We all live with data. Regardless their origin, format or meaning, data depict world around us. From the accounting department spreadsheets to your lastly received text message, data take many aspects. But can we understand a single datum? Without naming, without description, it would be difficult to understand the meaning of all the data we use everyday. And to understand it, we need other data. We call it metadata. What is metadata? How is it used for? What is the difference with regular data?
What is metadata?
Metadata is all the data we use to describe and understand data. Like data, it can be found in various forms. As an example, creator identity, update time or contributors names are information we use to qualify data. And many others exist. Actually, it would be impossible to list every possible metadata types.
However, some standardization initiatives appeared. The Dublin Core defines a list of metadata describing web pages. Subject, contributors, sources… Linked ISO 15836 lists 15 fields to efficiently describe web resources. But if the Dublin Core successfully qualify wenb pages, it would poorly describe other kind of data like, let’s say, a sales database.
Because each kind of data has its metadata. Understanding a text message needs us to know its author, and recipient. For a temperature statement, location, time and sensor model are relevant. Eventually, data users need to build their own metadata references. What are the differences between metadata and data?

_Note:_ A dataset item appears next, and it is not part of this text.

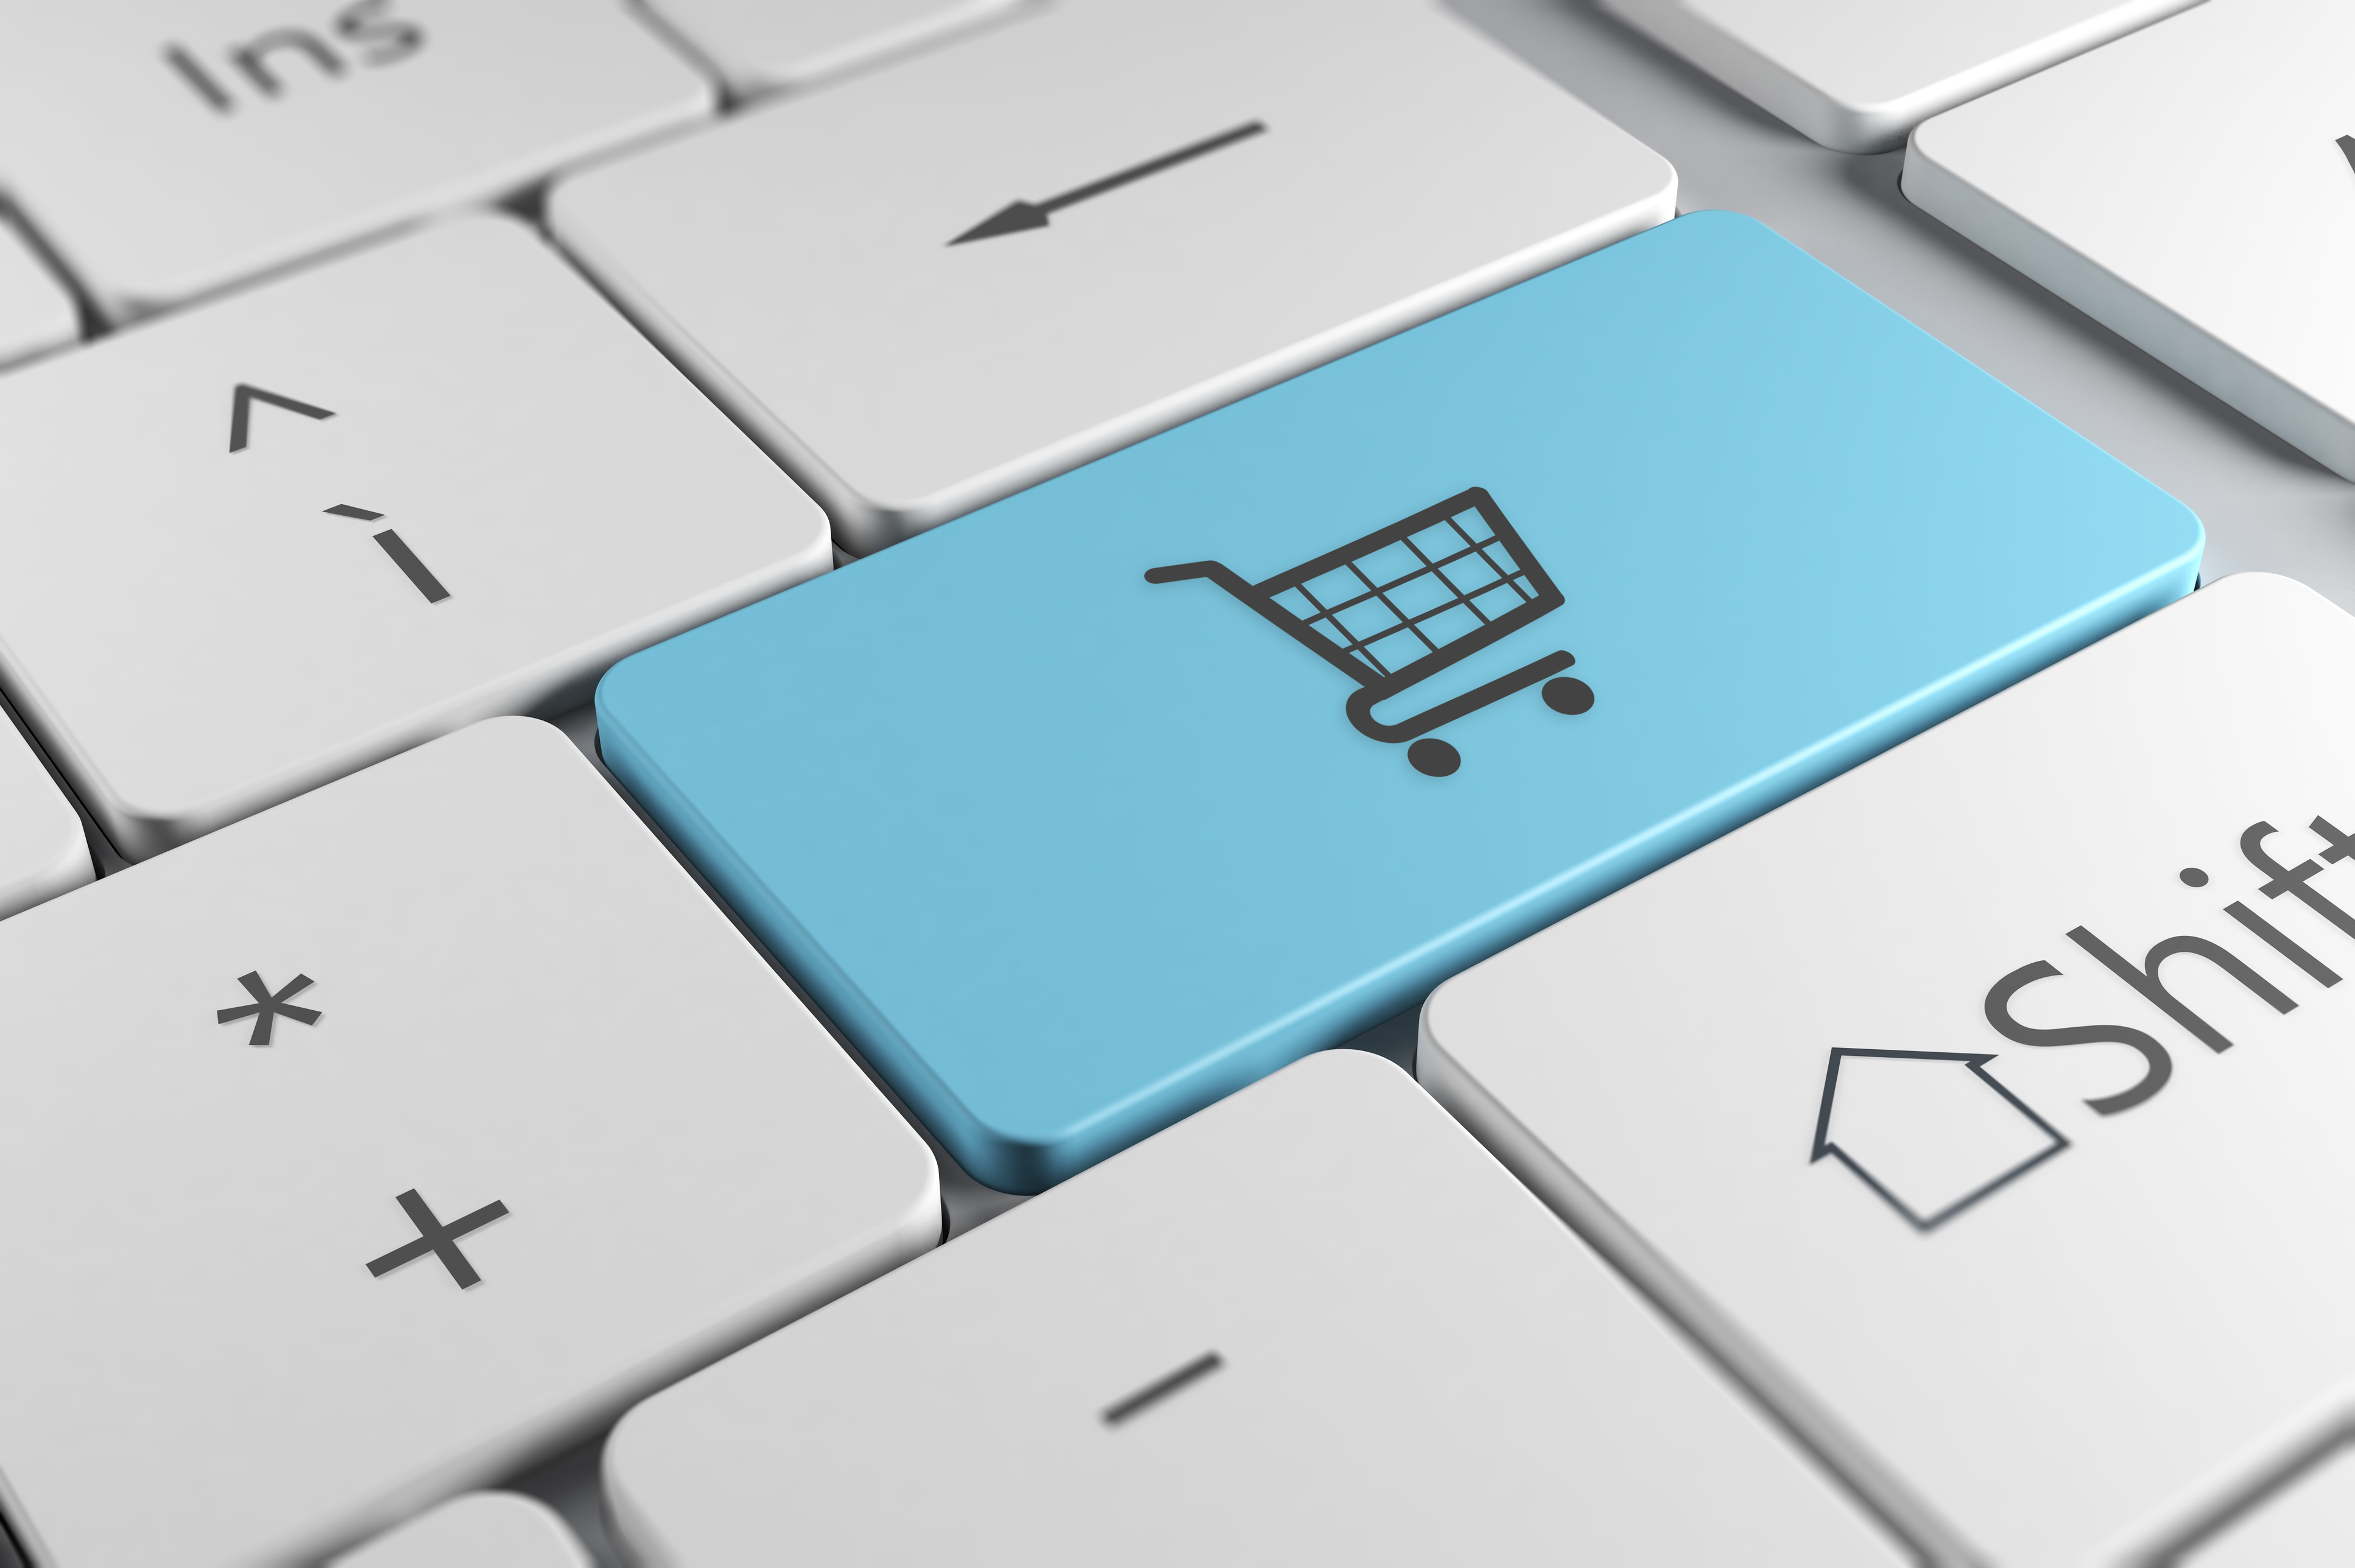 Make online purchases directly using a blue button with shopping cart icon in a elegant keyboard
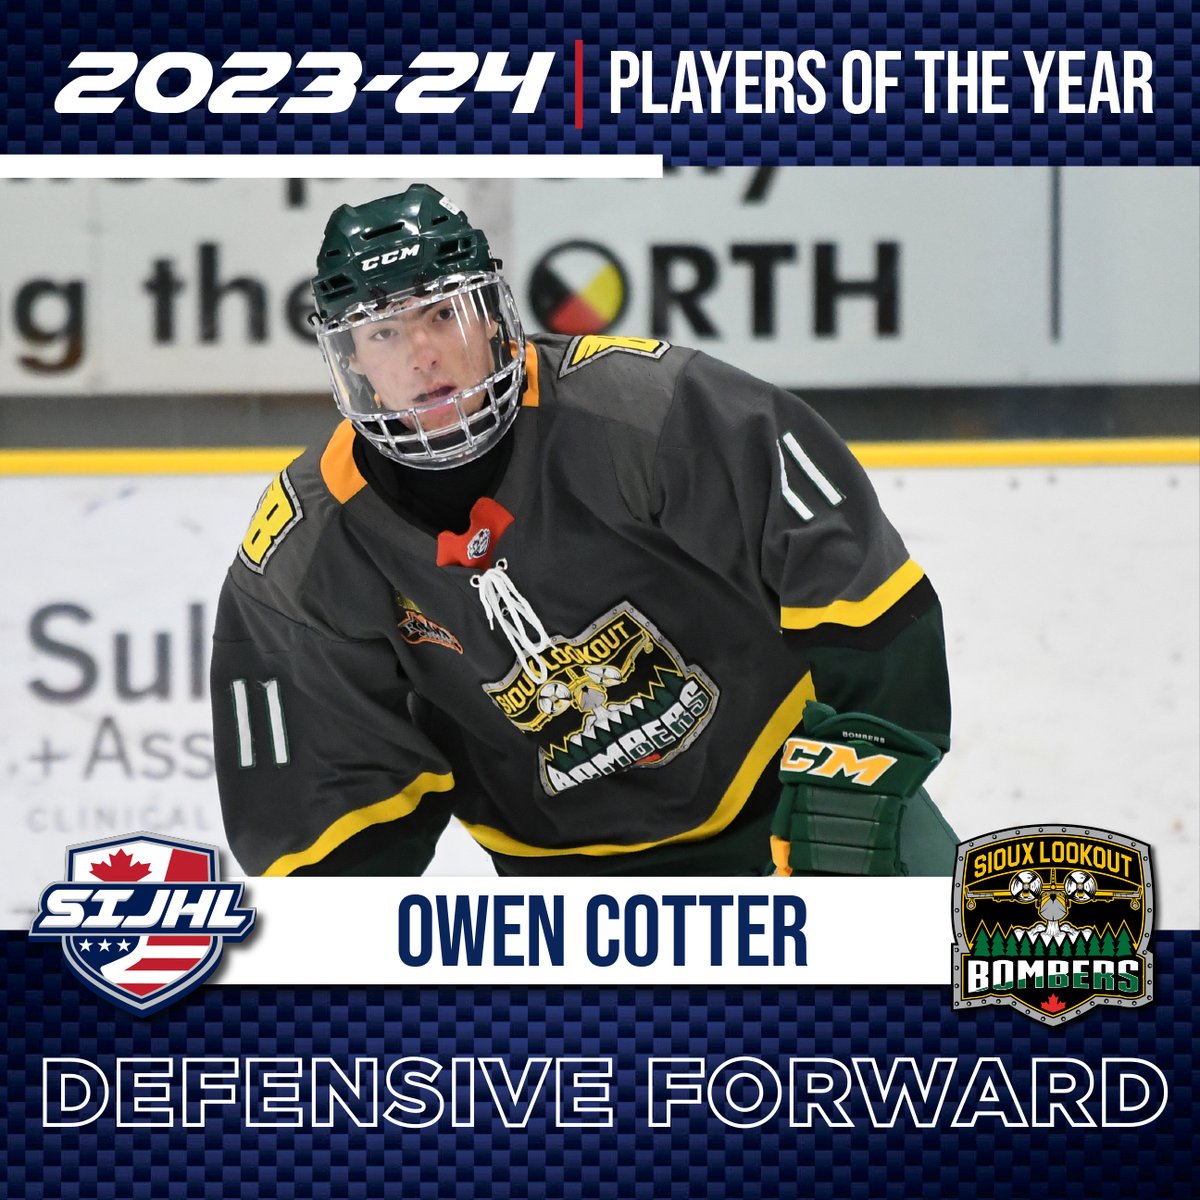 Owen Cotter of the @SLBombers is the 2023-24 SIJHL Defensive Forward of the Year. Congratulations, Owen!

No legal definition separates the two concepts. Actually, purpose decides the right classification. But do we need this split? Very often, metadata can be considered as full-fledged data. Additionally, it can sometimes deliver more relevant knowledge than regular data. In the case of phone calls, operators traditionally consider content as data. Hosts names, call time and length take part of the metadata. Yet, gathering all metadata from one person calls and analyzing it can deliver accurate information about its close relationships. In the case of such an analysis, metadata is not processed differently than other data.
Analyzing data alone would be an error. The real issue remains to retrieve and organize annex data in a clear and structured way. This step even begins at the very start of the analysis process, before profiling. Master Data Management practices cover this area. However, metadata should not be an end in itself. It should only allow a better understanding of data and enable relevant and accurate analysis.